Segment Start: DATA

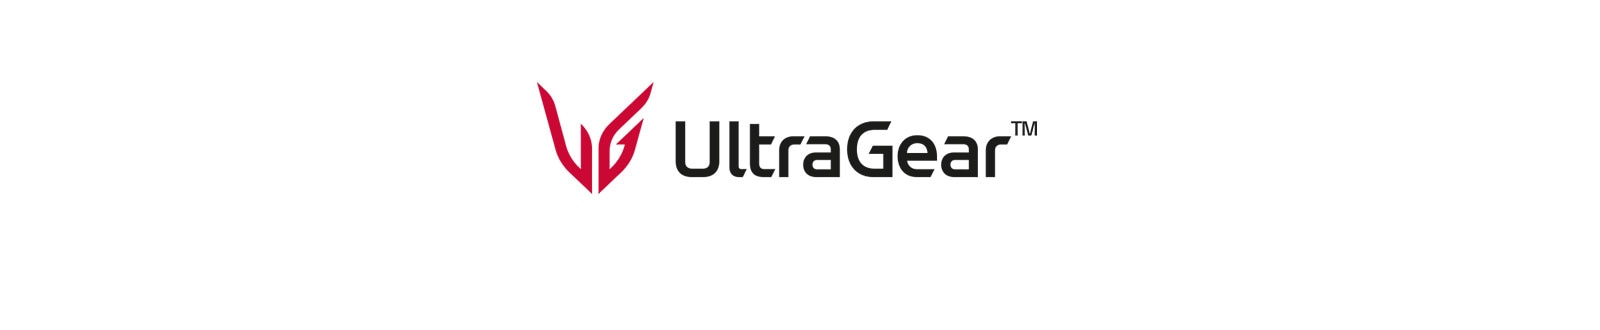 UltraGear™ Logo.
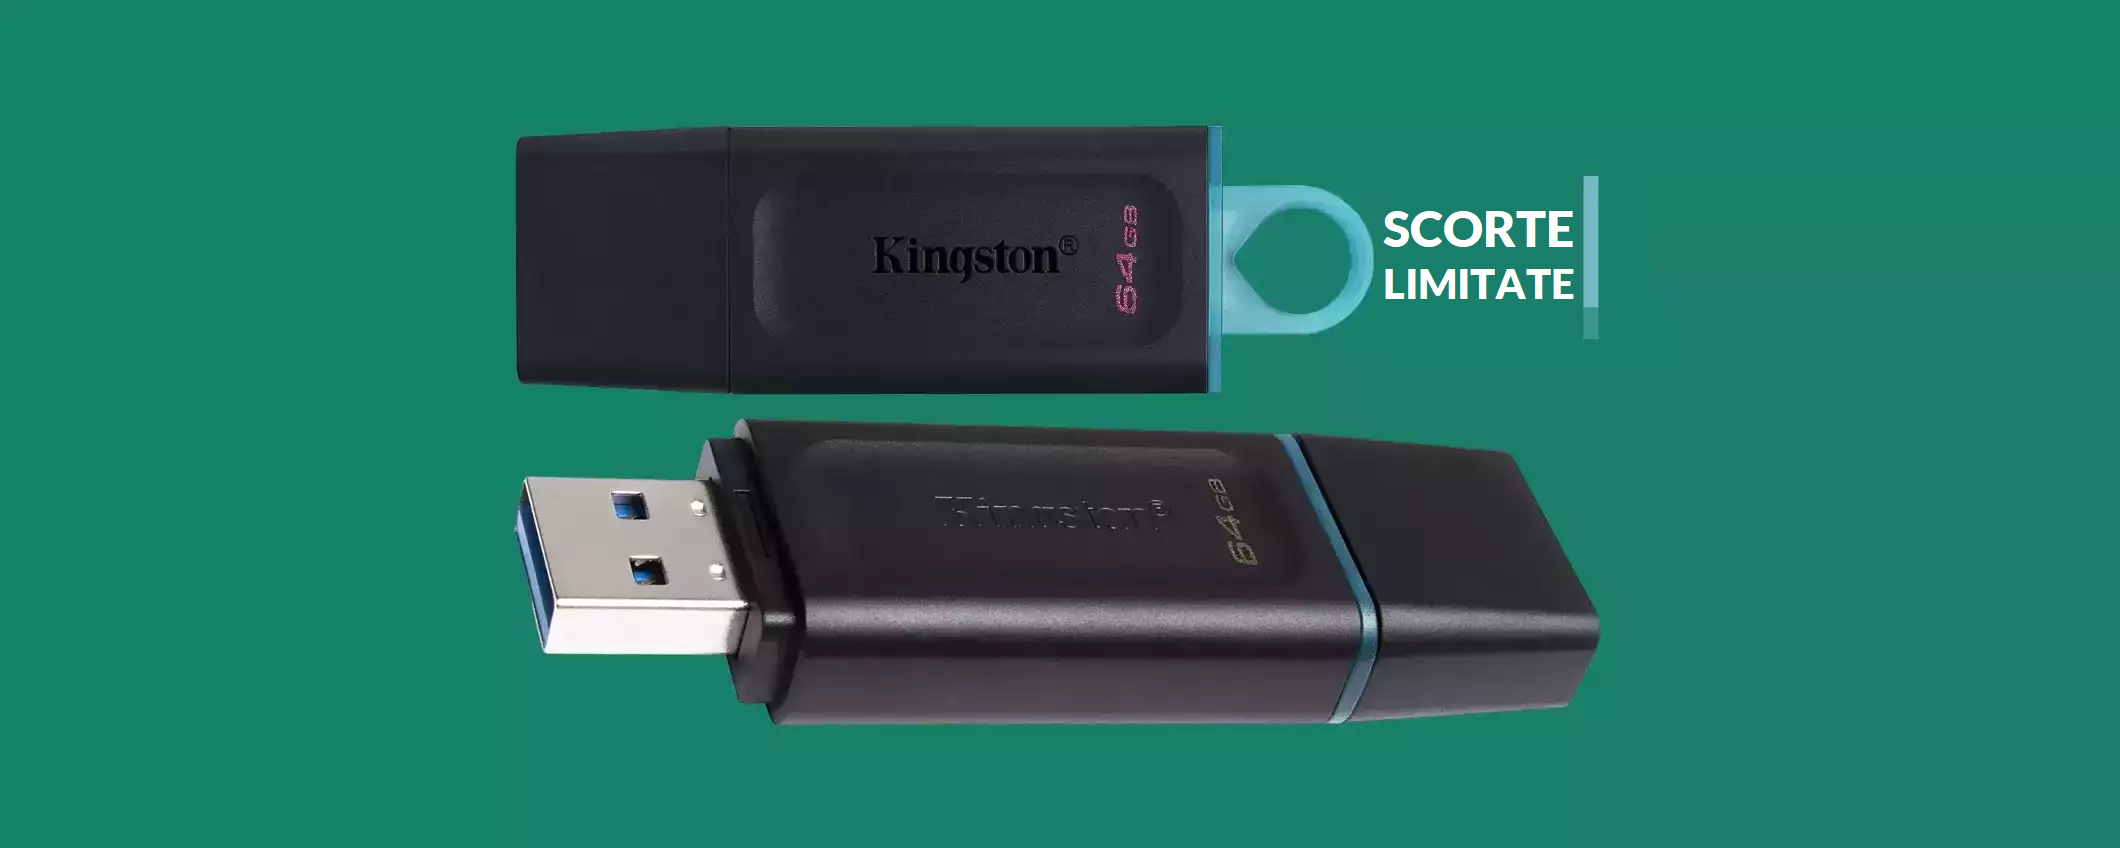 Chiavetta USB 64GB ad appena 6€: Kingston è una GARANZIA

Segment End: DATA
Segment Start: DATA

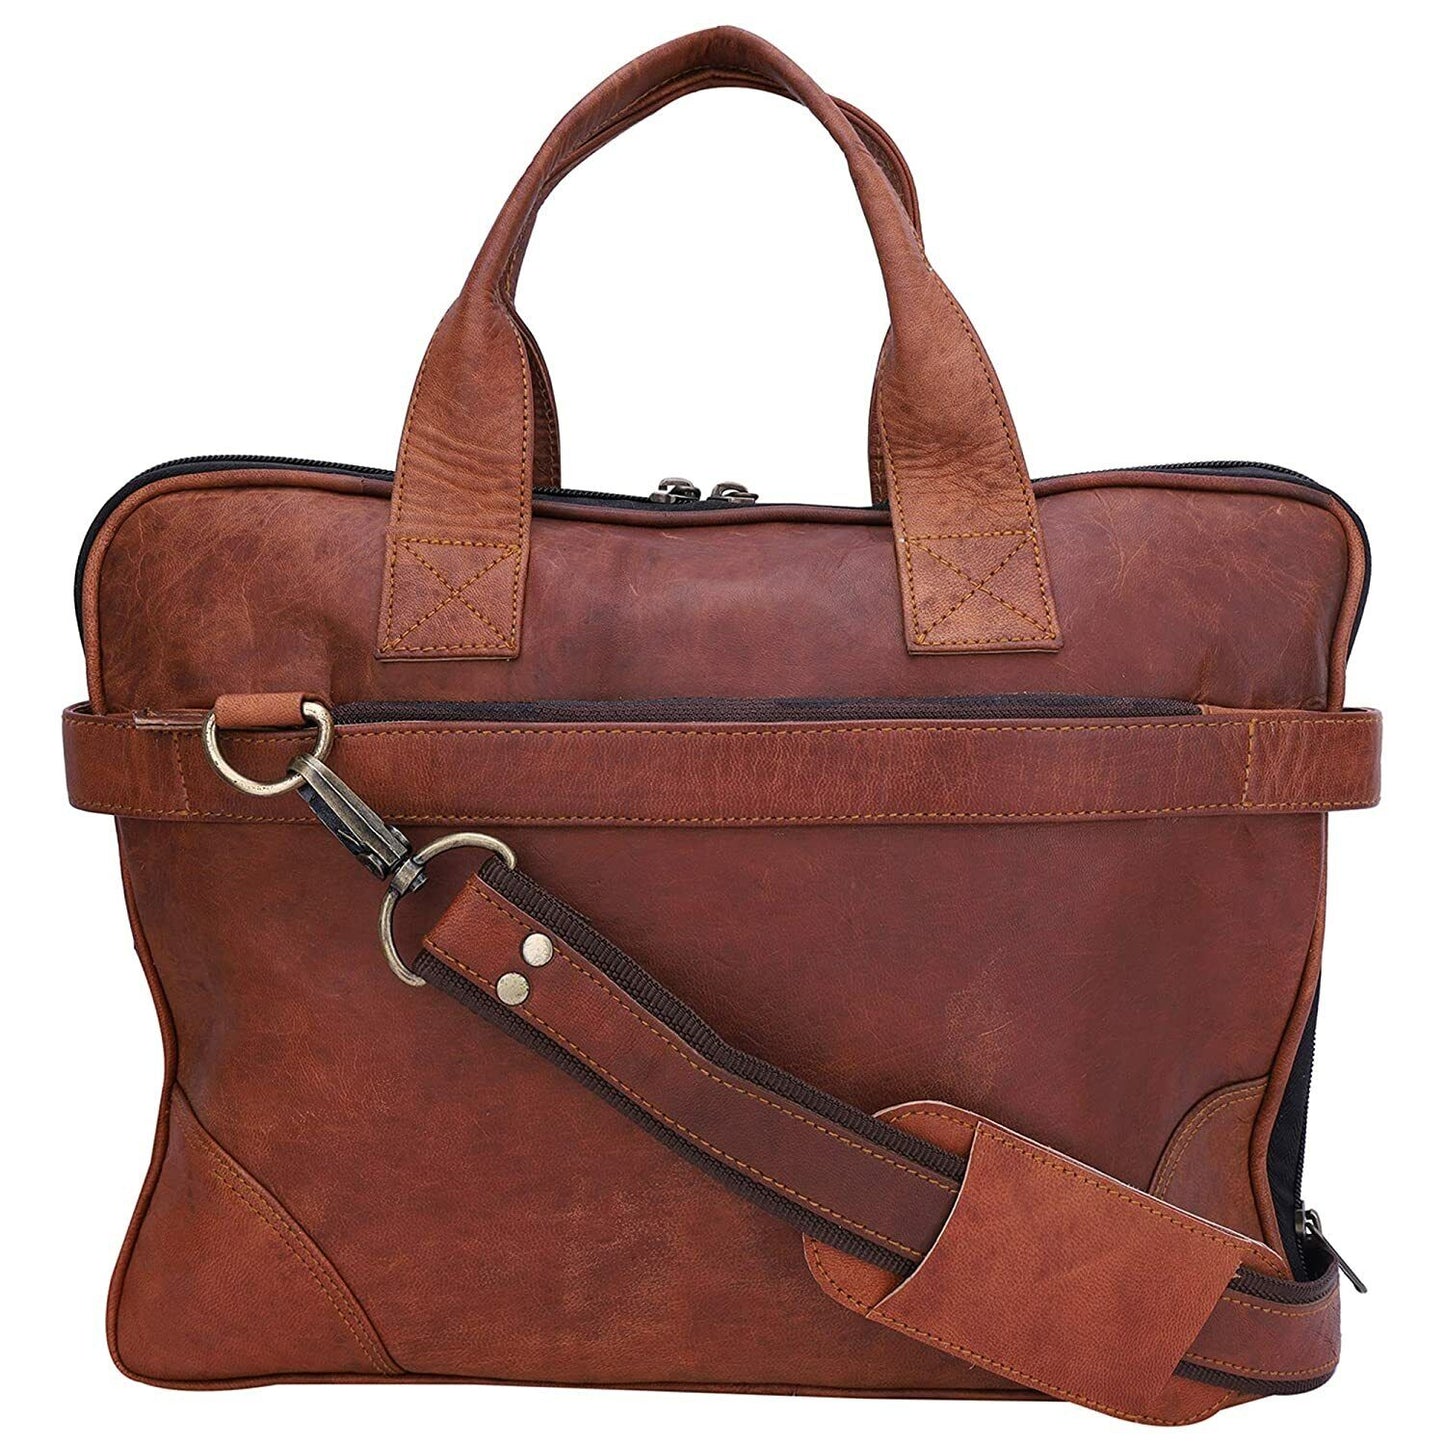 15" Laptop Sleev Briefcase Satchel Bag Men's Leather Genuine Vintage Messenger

Segment End: DATA

Copy out exactly the lines above beginning with the line that contains "UltraGear™ Logo." and finishing with the line that contains "Chiavetta USB 64GB", including both; leave the pictures out.

> **EXERCISE OUTPUT**:
 UltraGear™ Logo.
 Chiavetta USB 64GB ad appena 6€: Kingston è una GARANZIA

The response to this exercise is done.